Время прощаться
Шрифт:
Последние слова были так жирно обведены, что бумага начала рваться.
— Видишь? Это код. «Во всем важен учет». — Томас прожигал меня взглядом, как будто объяснял смысл жизни. — Верь не всему, что видишь.
Я подошла к нему, нас разделяли считаные сантиметры.
— Томас, — прошептала я и коснулась ладонью его щеки, — малыш, ты болен.
Он схватился за мою руку, как за спасательный трос.
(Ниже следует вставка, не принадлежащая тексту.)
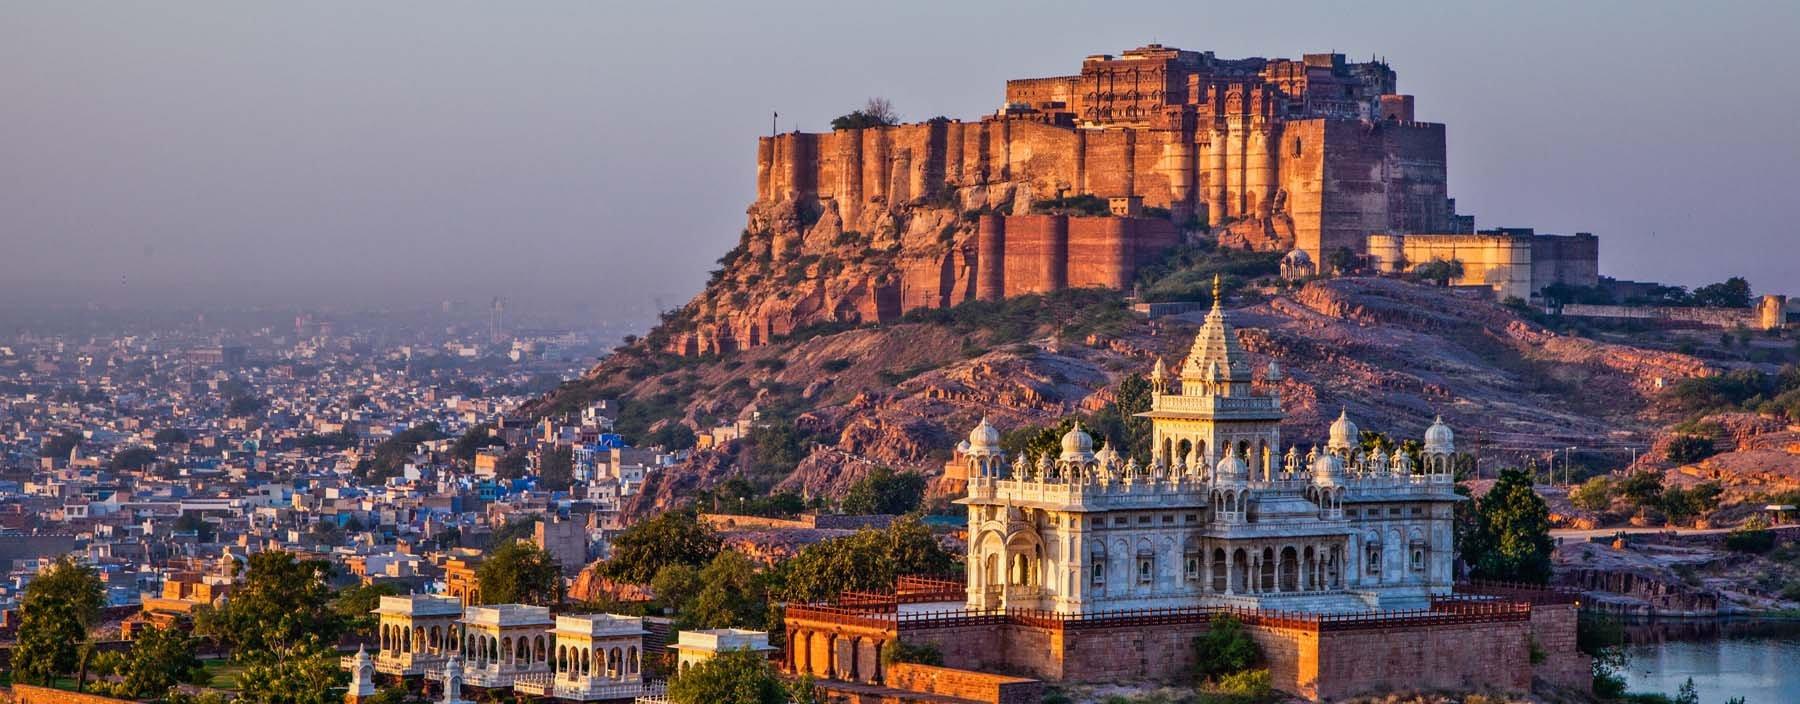 in, jodhpur, mehrangarh fort and jaswant thada mausoleum.jpg

И только тут я поняла, насколько сильно меня колотит.
— Правильно, черт побери! — прошептал он, сжимая мою ладонь так, что я согнулась от боли. — Мне тошнит от того, что ты во мне сомневаешься. — Он наклонился ко мне так близко, что я видела оранжевые круги вокруг зрачков, бьющуюся на виске жилку. — Я стараюсь
— Я тоже стараюсь для тебя, — заплакала я и, выбежав из душной комнаты, бросилась вниз по винтовой лестнице.
Университет Дартмута находился в ста километрах к югу. Там располагалась окружная больница. И так уж случилось, что именно там имелась ближайшая к Буну психиатрическая лечебница. Не знаю, почему психиатр согласился меня принять без предварительной записи, хотя в приемной сидело довольно много людей, чьи проблемы были не менее важными. Единственное, о чем я могла думать, прижимая к себе Дженну и устраиваясь напротив доктора Тибодо, что врачу одного взгляда на меня будет достаточно, чтобы решить: я его пациент. «Какой к черту муж! — скорее всего, думал он, глядя на мою мятую форму, немытые волосы и плачущего ребенка. — Ей самой нужен психиатр».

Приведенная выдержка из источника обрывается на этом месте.